Note that currently cabal repl is not supported,

because the C code is not compiled and linked appropriately.

However, cabal repl will fail at the end, when trying

to load the compiled C code, which means that we can still use it

to type check our package when developing.

If we were to compile the above manually we could do

$ ghc -c Main.hs
$ cc -c Main.c -o Main_c.o
$ ghc Foo.hs
$ ghc Bar.hs
$ cc -c Bar.c -o Bar_c.o
$ ghc Main.o Foo.o Bar.o Main_c.o Bar_c.o -lm -o Main

Extending `inline-c`

As mentioned previously, inline-c can be extended

by defining custom anti-quoters. Moreover, we can also tell

inline-c about more C types beyond the primitive ones.

Both operations are done via the Context data type. Specifically, the Context contains a TypesTable, mapping C type specifiers to Haskell types; and a Map of AntiQuoters. A baseCtx is provided specifying mappings from all the base C types to Haskell types (int to CInt, double to CDouble, and so on). Contexts can be composed using their Monoid instance.

For example, the vecCtx contains two anti-quoters, vec-len and vec-ptr. When using inline-c with external libraries we often define a

context dedicated to said library, defining a

TypesTable converting common types find in the library to their Haskell counterparts. For example inline-c-nag

defines a context containing information regarding the types

commonly using in the NAG scientific library.

See the Language.C.Inline.Context module documentation for more.

C++ support

Our original use case for inline-c was always C

oriented. However, thanks to extensible contexts, it should be

possible to build C++ support on top of inline-c, as we dabbled with in inline-c-cpp.

In this way, one can mix C++ code into Haskell source files, while

reusing the infrastructure that inline-c provides for invoking foreign functions. Since inline-c generates C

wrapper functions for all inline expressions, one gets a function

with bona fide C linkage to wrap a C++ call, for free.

Dealing with C++ templates, passing C++ objects in and out and

conveniently manipulating them from Haskell are the next

challenges. If C++ support is what you need, feel free to

contribute to this ongoing effort!

Wrapping up

We meant inline-c as a simple, modular alternative

to monolithic binding libraries, borrowing the core concept of

FFI-less programming of foreign code from the H project and language-c-inline.

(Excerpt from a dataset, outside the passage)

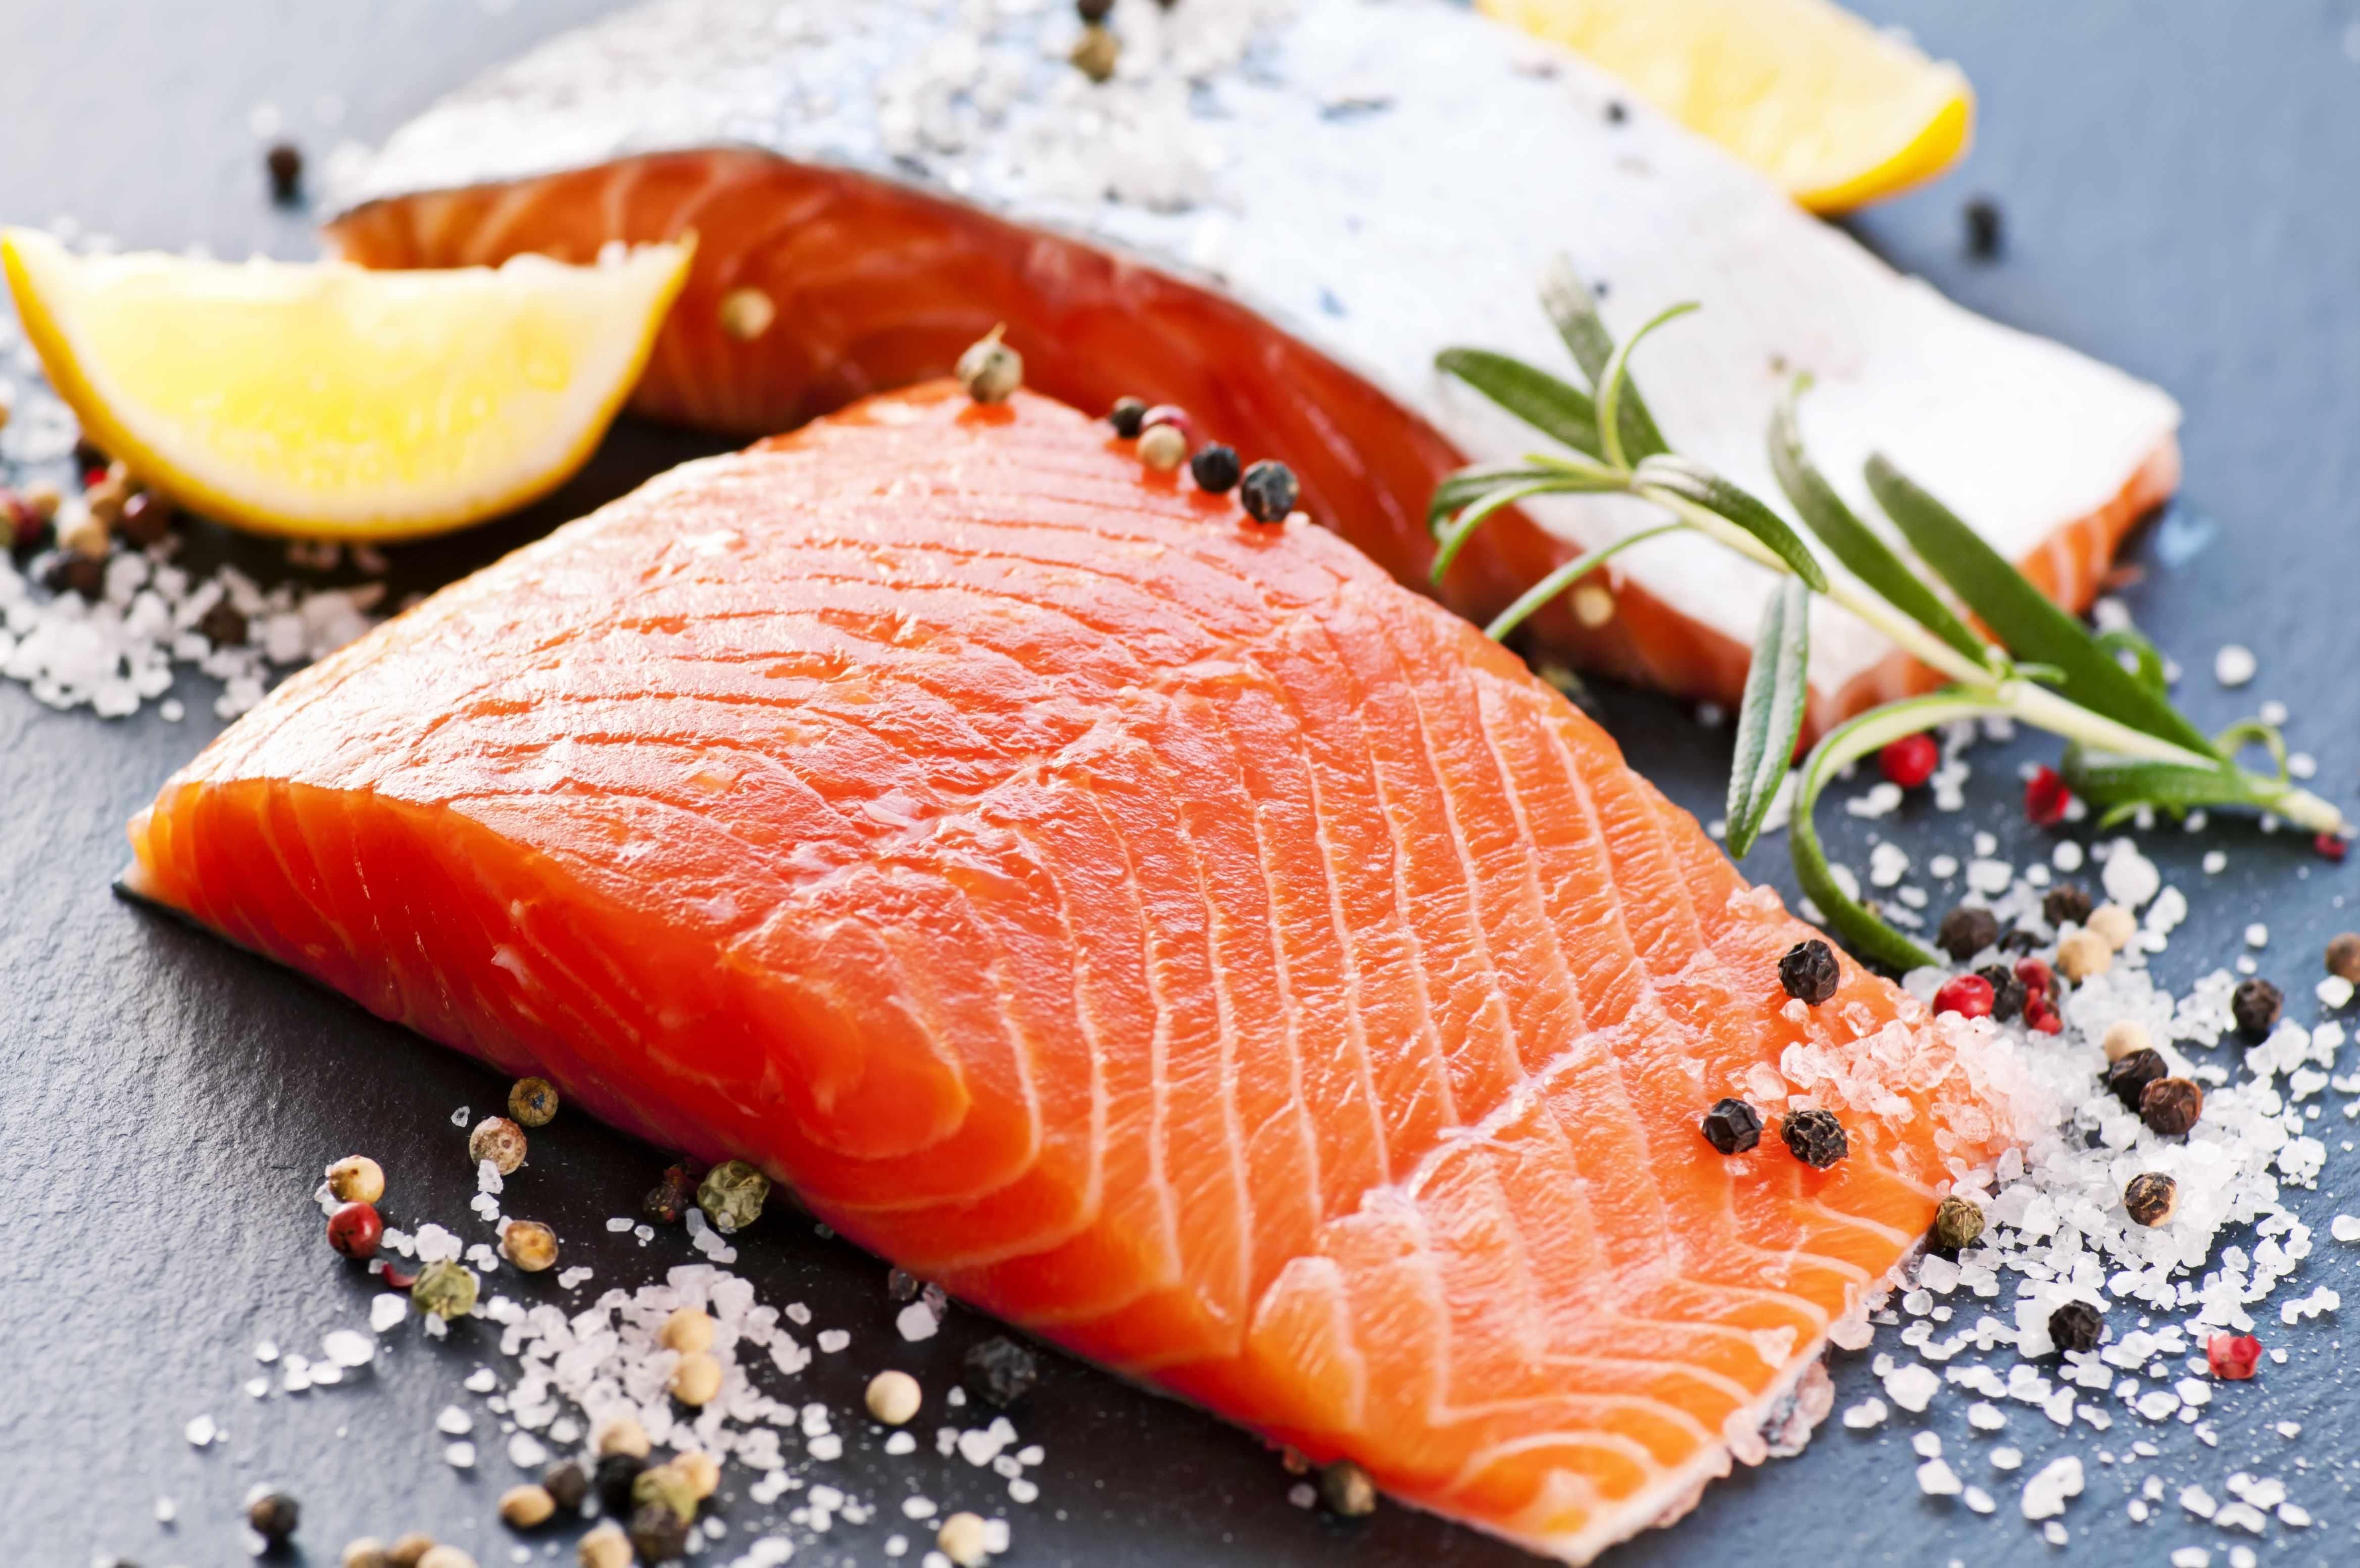 a fresh slice of salmon with lemon, sea salt and herbs
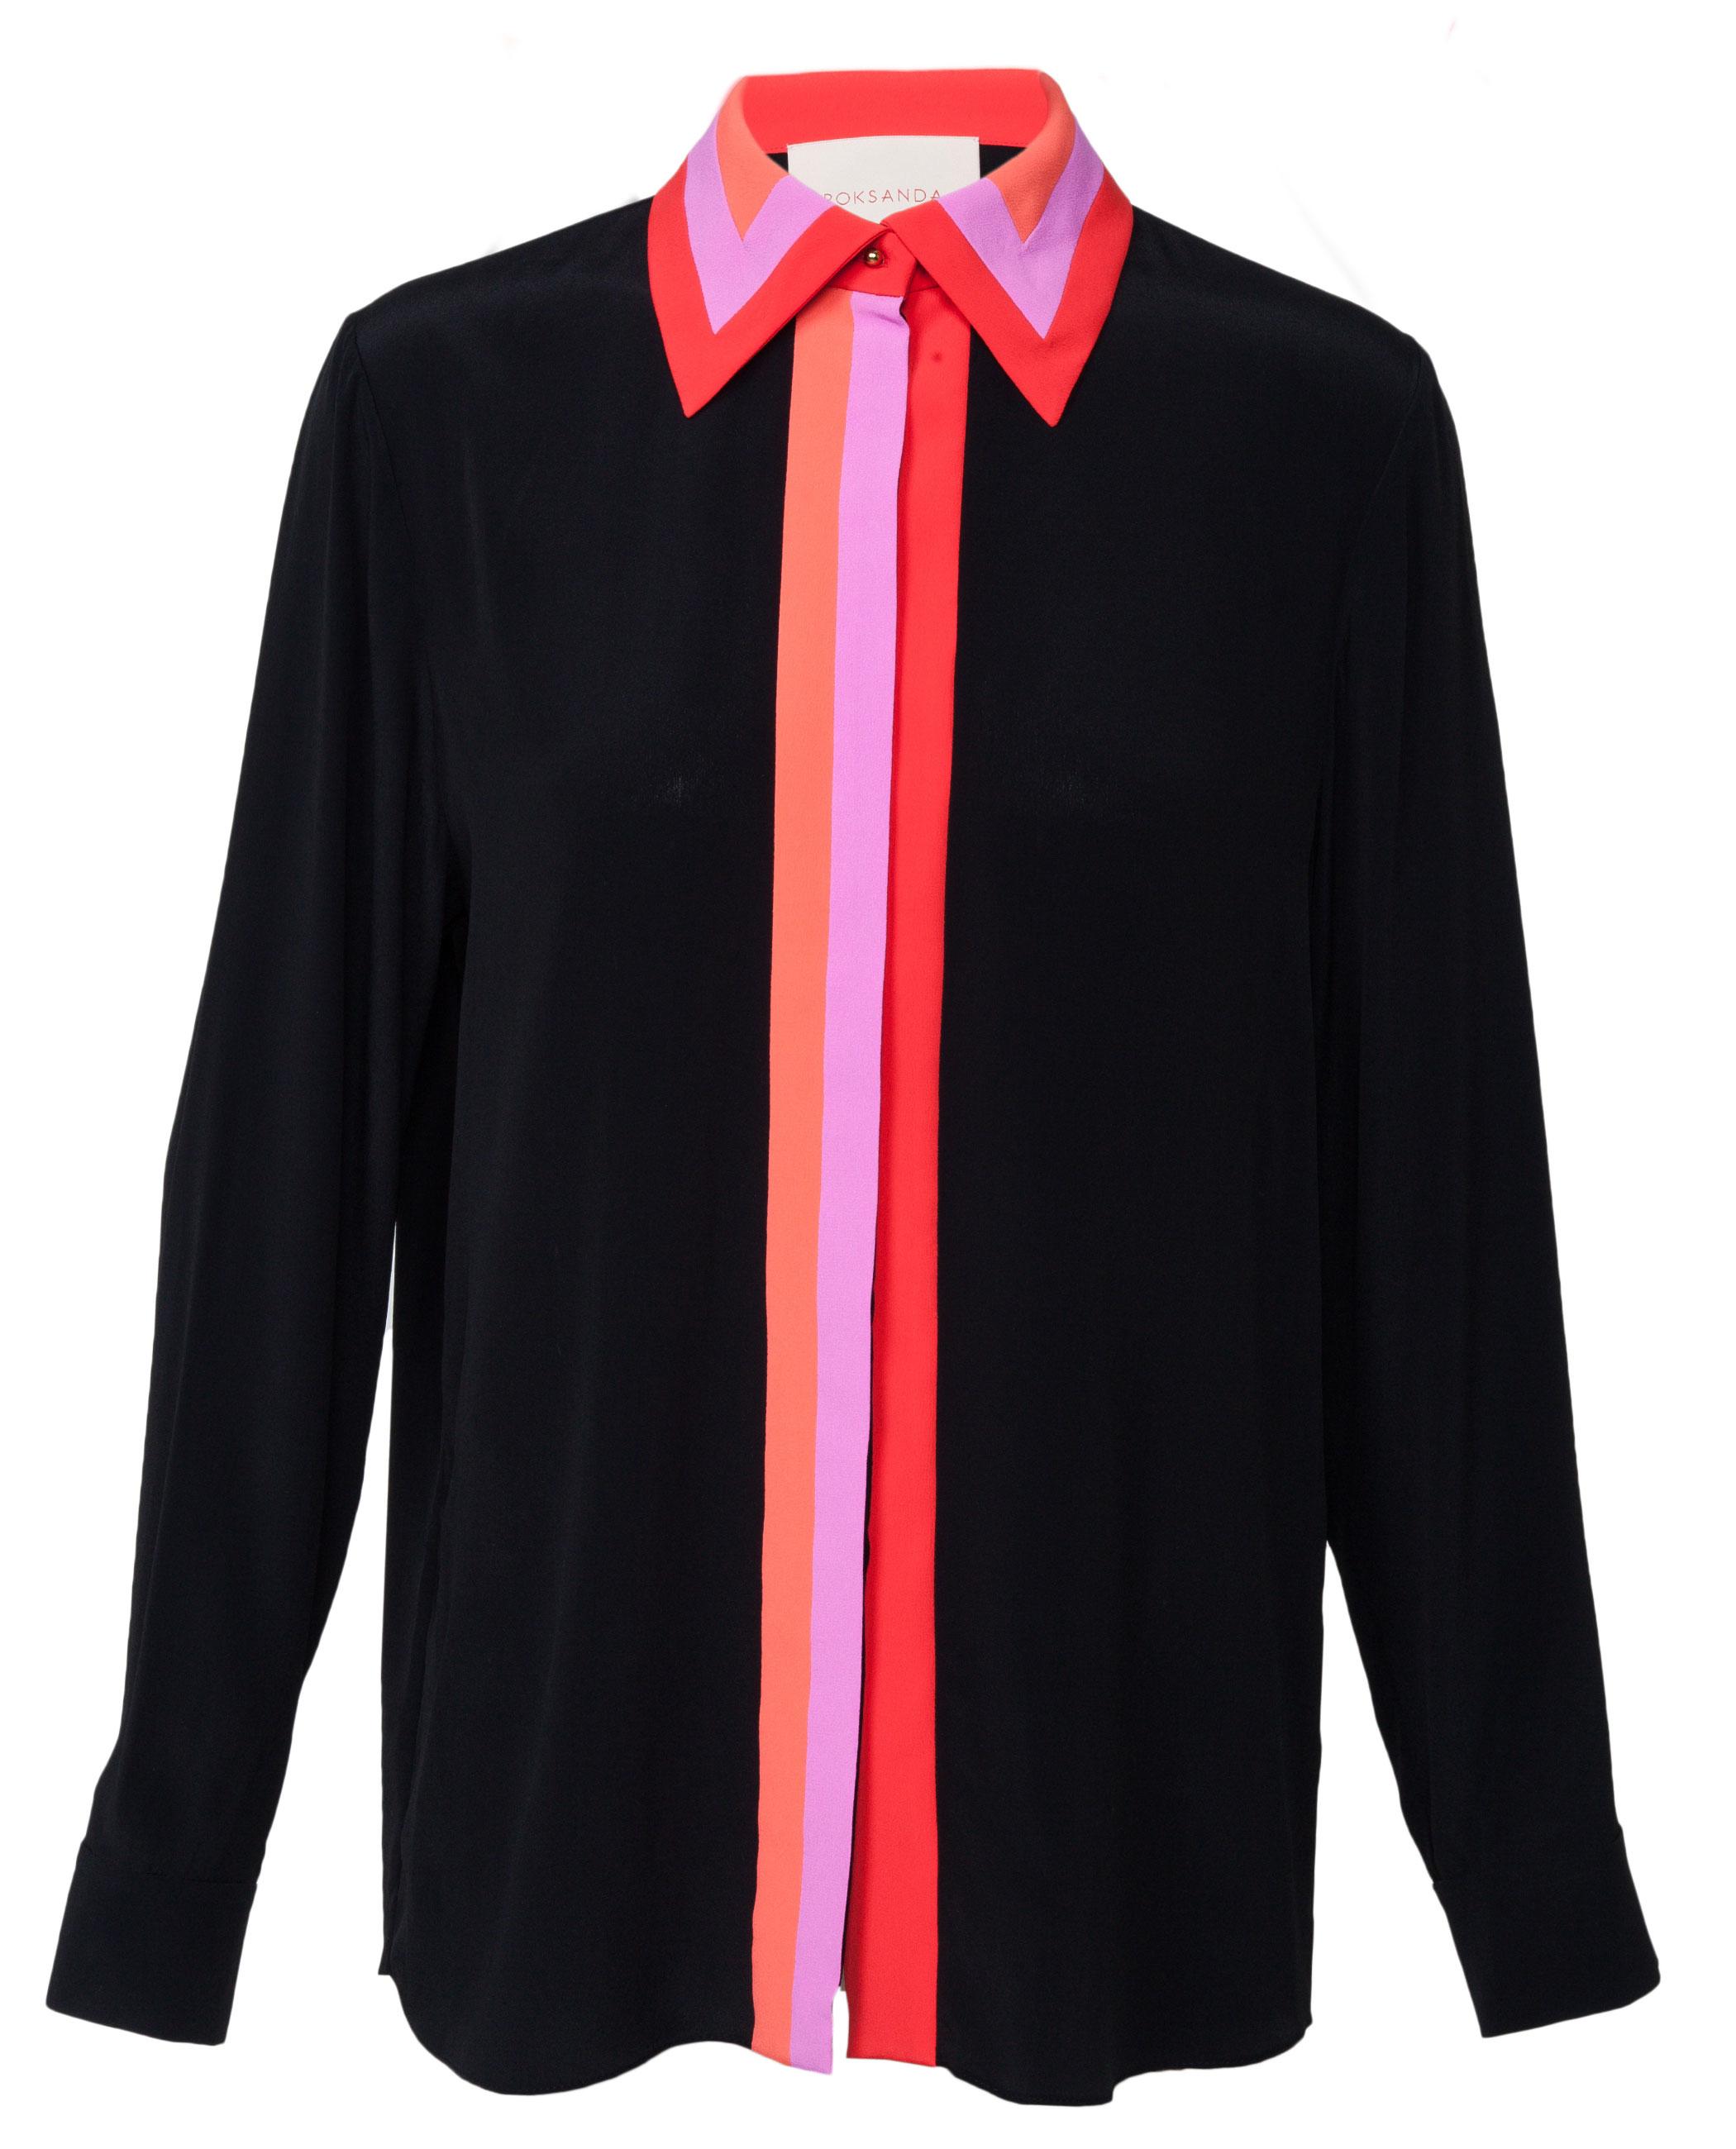 Black t shirt red collar - Gallery

But this is just the first cut! We are releasing the library to the

community early in hopes that it will accelerate the Haskell

community's embrace of quality foreign libraries where they exist,

as an alternative to expending considerable resources reinventing

such libraries for little benefit. Numerical programming, machine

learning, computer vision, GUI programming and data analysis come

to mind as obvious areas where we want to leverage existing quality

code. In fact, FP Complete is using inline-c today to

enable quick access to all of NAG, a roughly 1.6K function strong

library, for a large compute-intensive codebase. We hope to see

many more use cases in the future.